During Kahlo’s stay in Paris, Muray sent her $400 to cover some expenses, as she refused to be financially dependent on Rivera. To thank him, Frida gave him the painting ‘What the water gave me’ – shown here in a photographic reproduction made by Muray – which had also just been published in an issue of Minotaure, Breton’s magazine, as well as in the volume Surrealism and Painting, making it one of Kahlo’s most famous works at the time. The painting is a metaphor for what fate had in store for Frida: in a bathtub in which we only see her feet and legs, float the events that marked her existence, from her accident, to her abortion, to her relationship with death and suffering. Somehow the painting was also meant to serve as a warning to Muray, as if to warn him that despite all the love he could give her, Frida’s life would forever be marked by destruction. 

Mimi Muray, Nick’s second daughter and now director of the Nickolas Muray Photo Archive, grew up with the constant presence of Frida. Every time she walked into the living room of her home, Kahlo’s painting ‘Self-Portrait with Necklace of Thorns’ was waiting for her. Inspired by the Christian iconography of Christ Pantocrator, Frida had portrayed herself in front of a backdrop of exotic leaves, with a panther and a spider monkey on her shoulders, and a crown of thorns around her neck that penetrated the flesh from which a dead hummingbird dangled. 

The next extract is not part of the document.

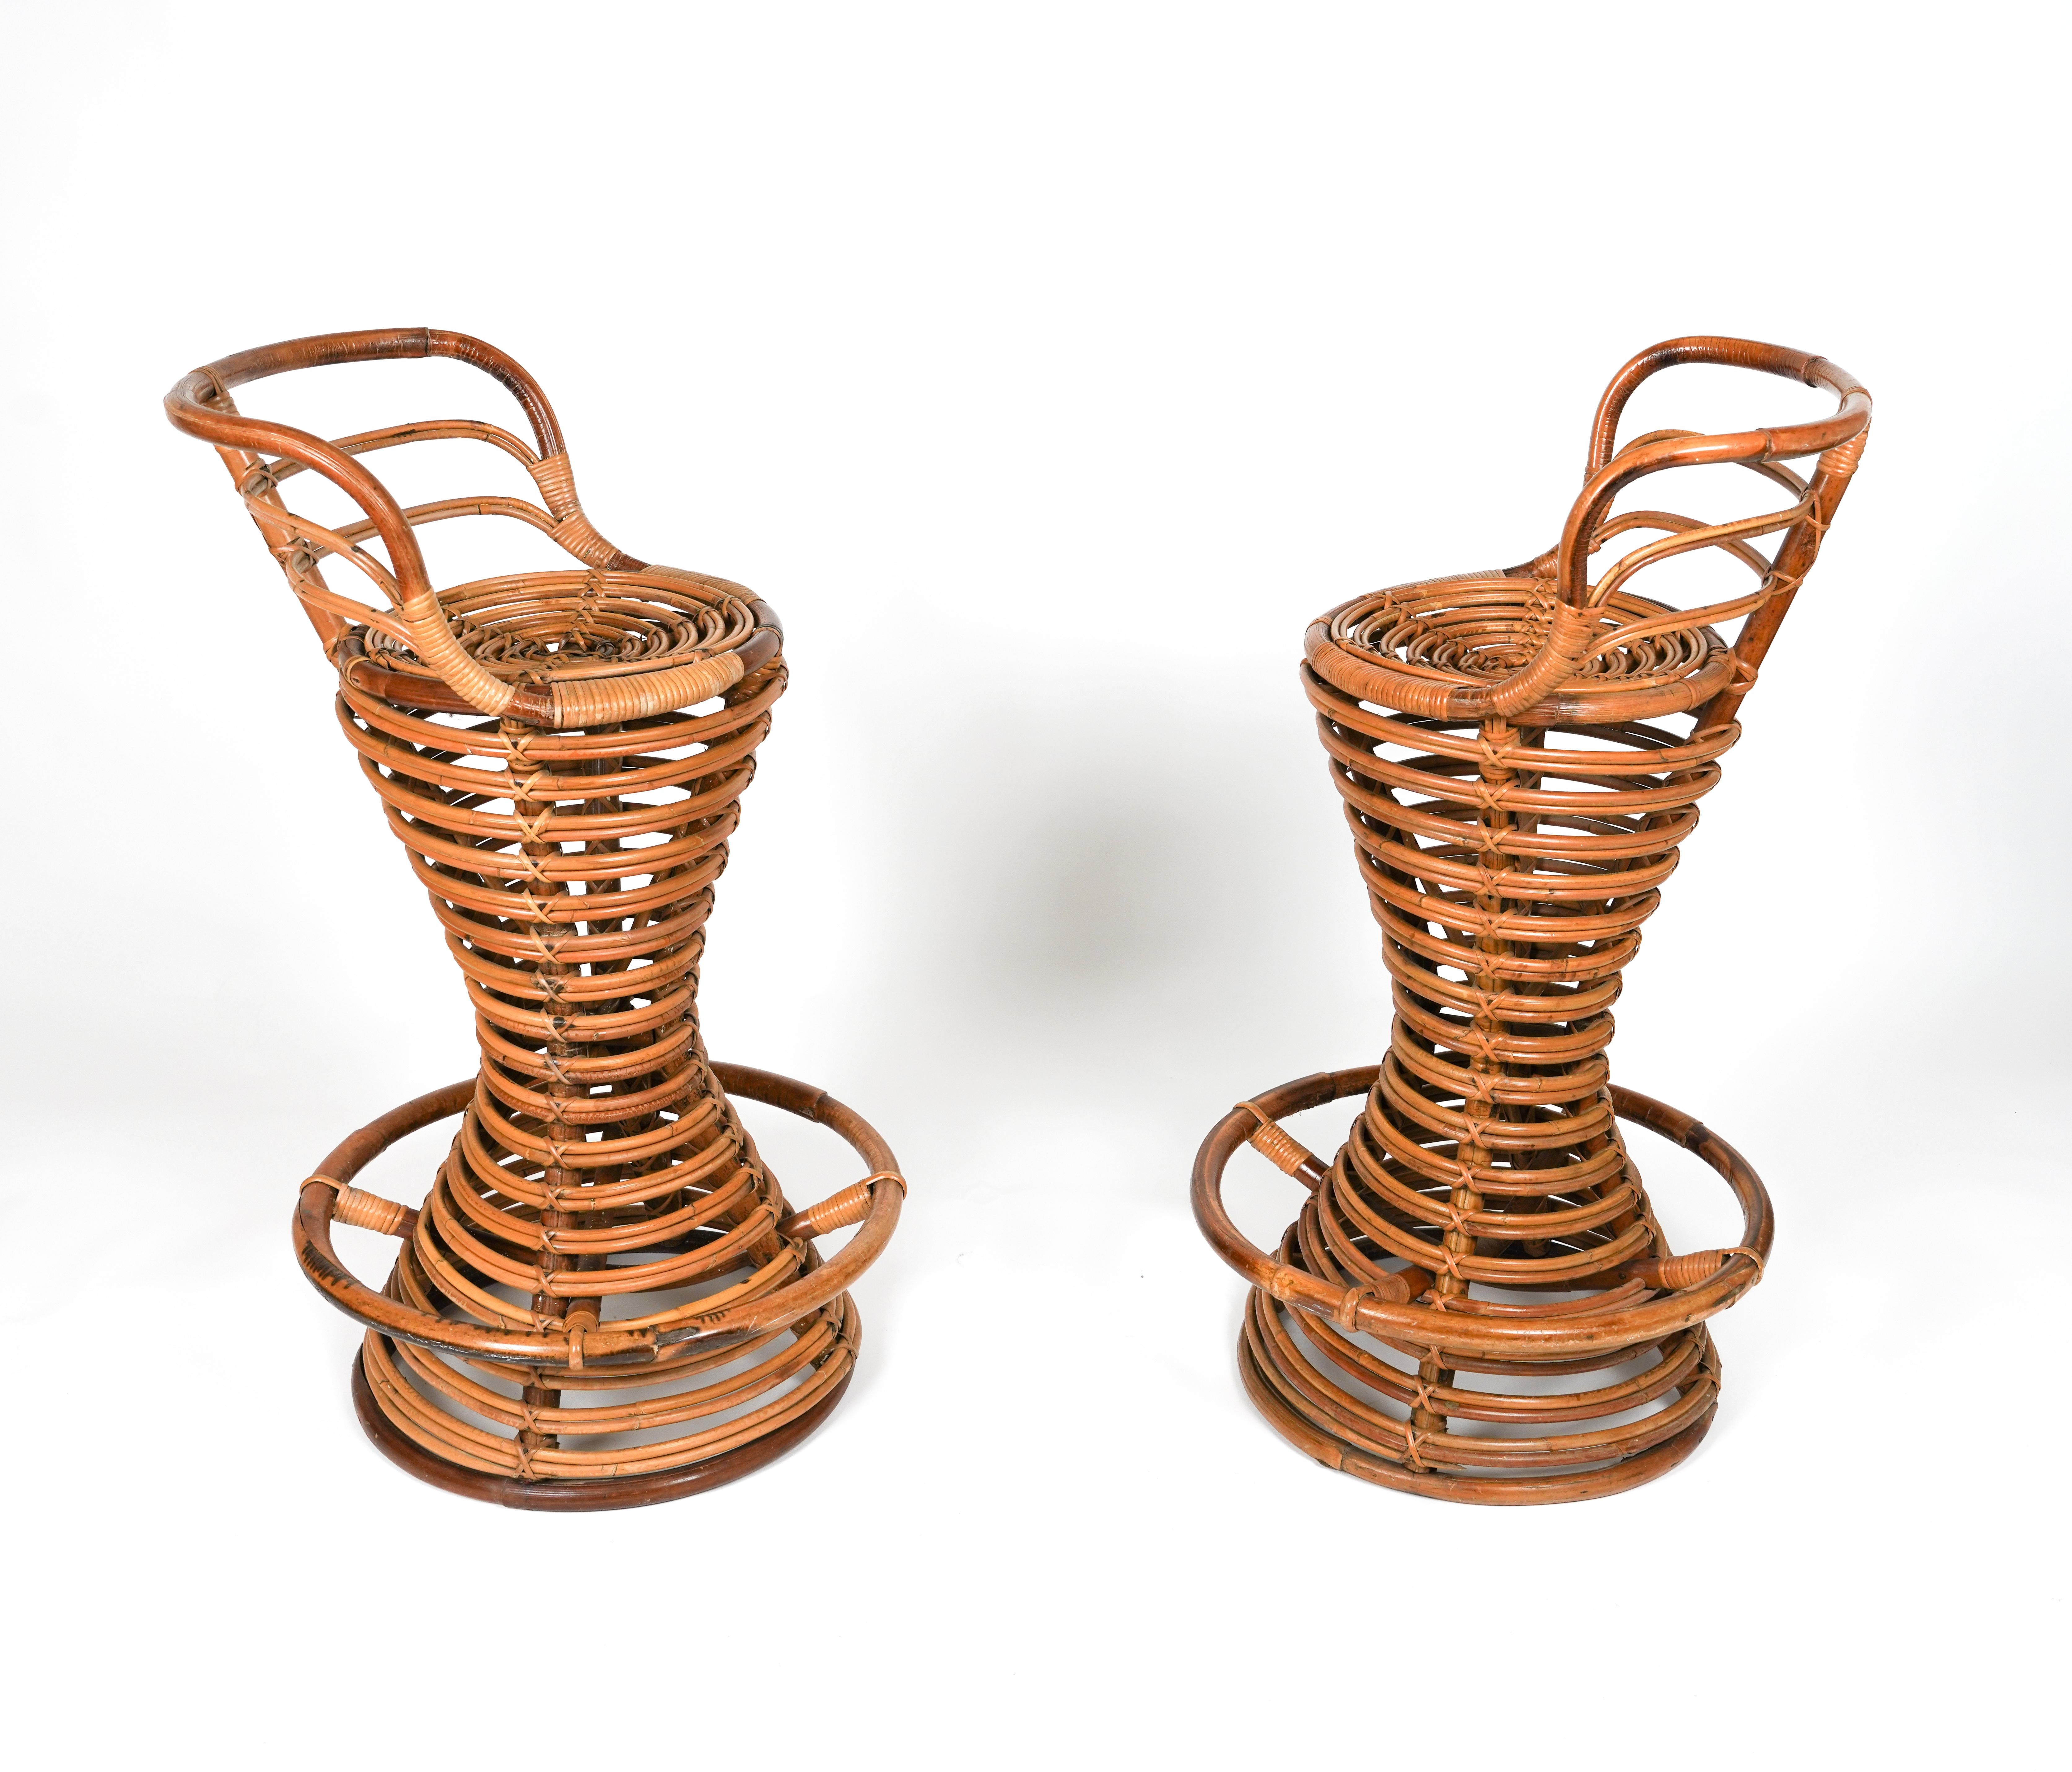 Midcentury Rattan and Bamboo Pair of Bar Stools Tito Agnoli Style, Italy 1960s For Sale 1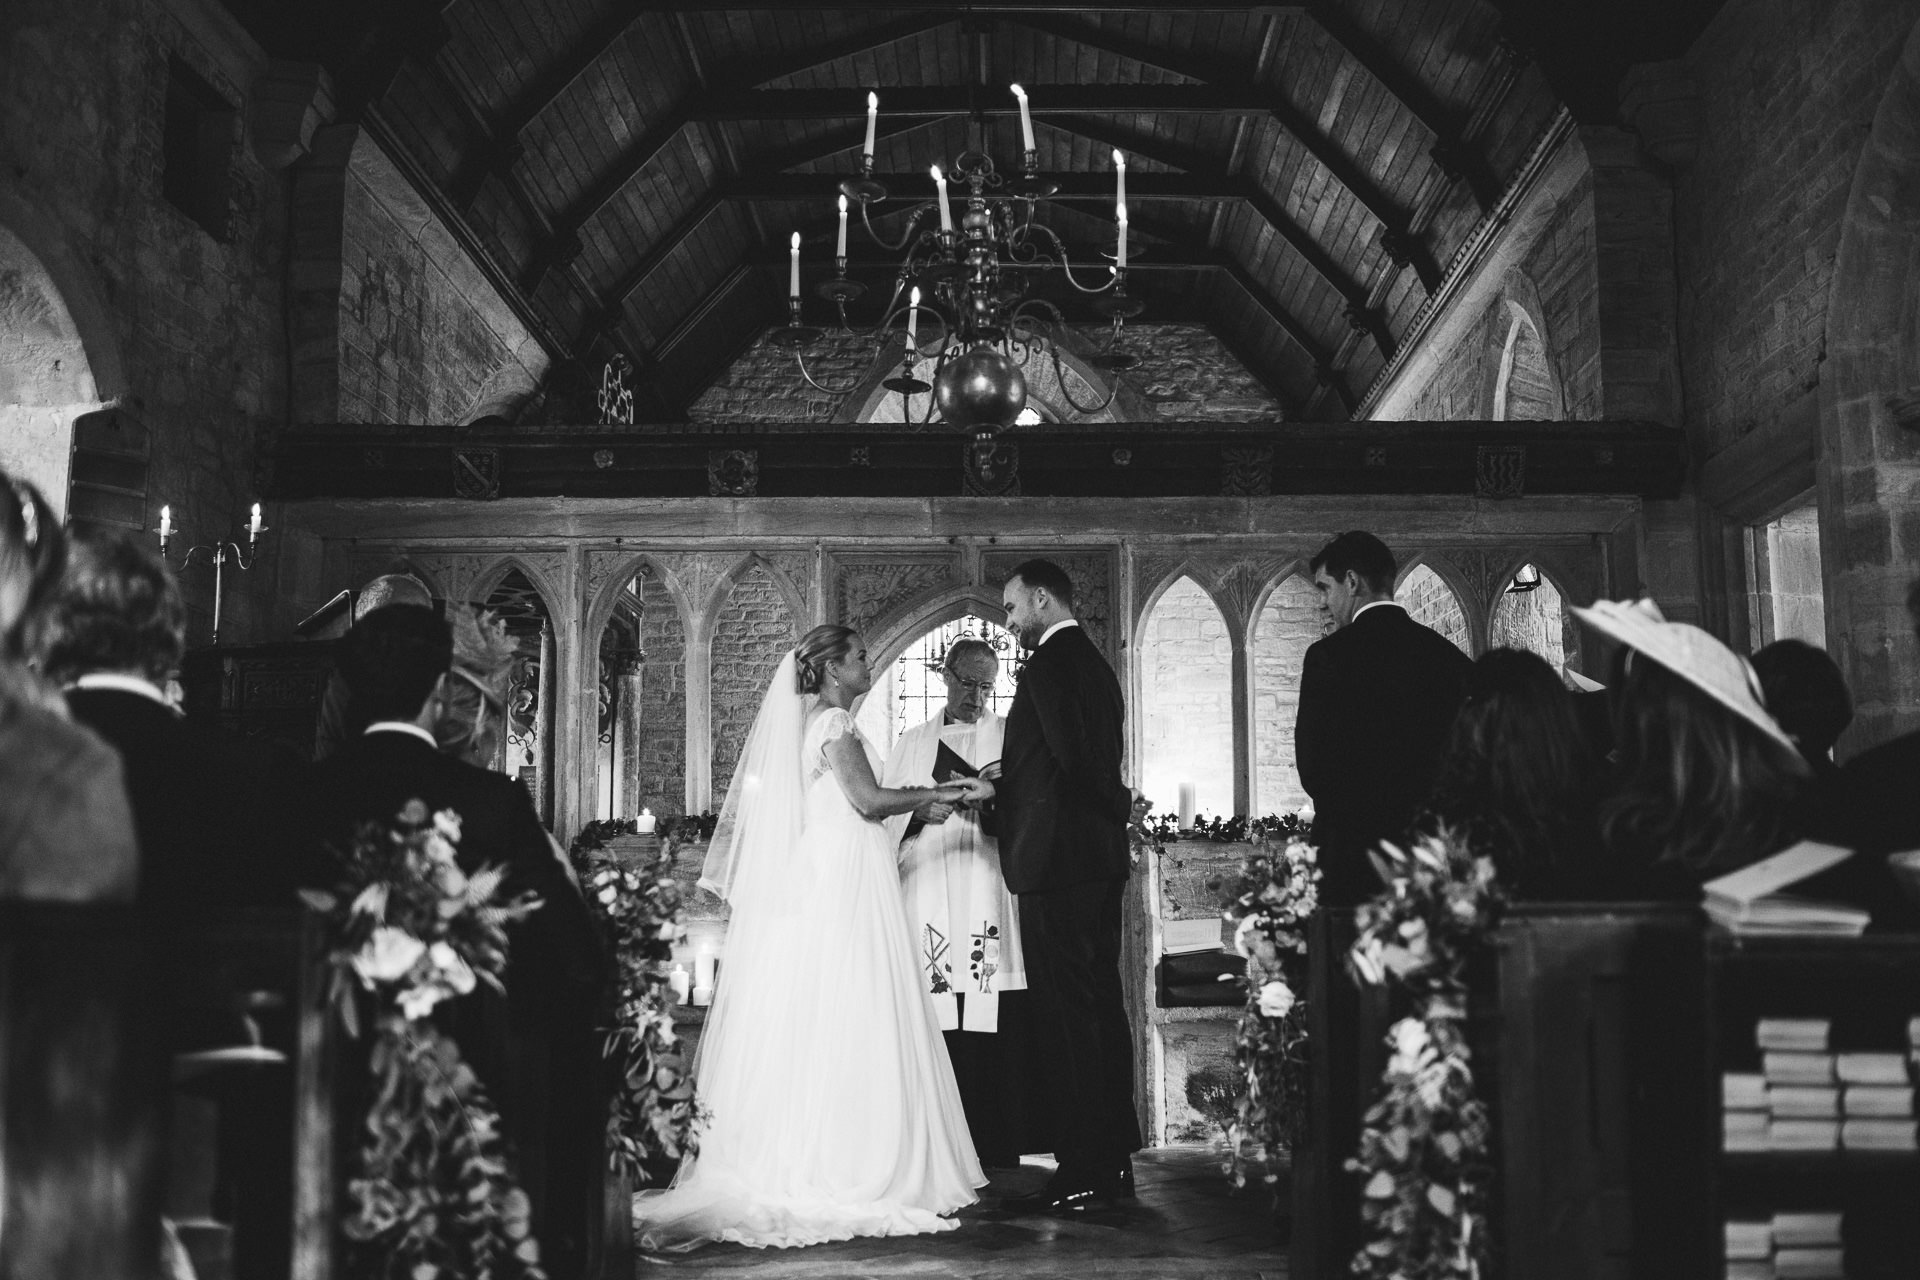 Bride and groom facing each other in the church

It was certainly a disturbing presence in a house, but Muray would never have dreamed of parting with the painting, which he had bought from Frida, fresh off the easel, in 1940, the year she divorced Rivera. And while that was the moment when Nick hoped their relationship might have a breakthrough, the painting would always remain a reminder that Frida was never really available to him. Frida was present in the self-portrait but absent at the same time and Muray could only retreat in good order.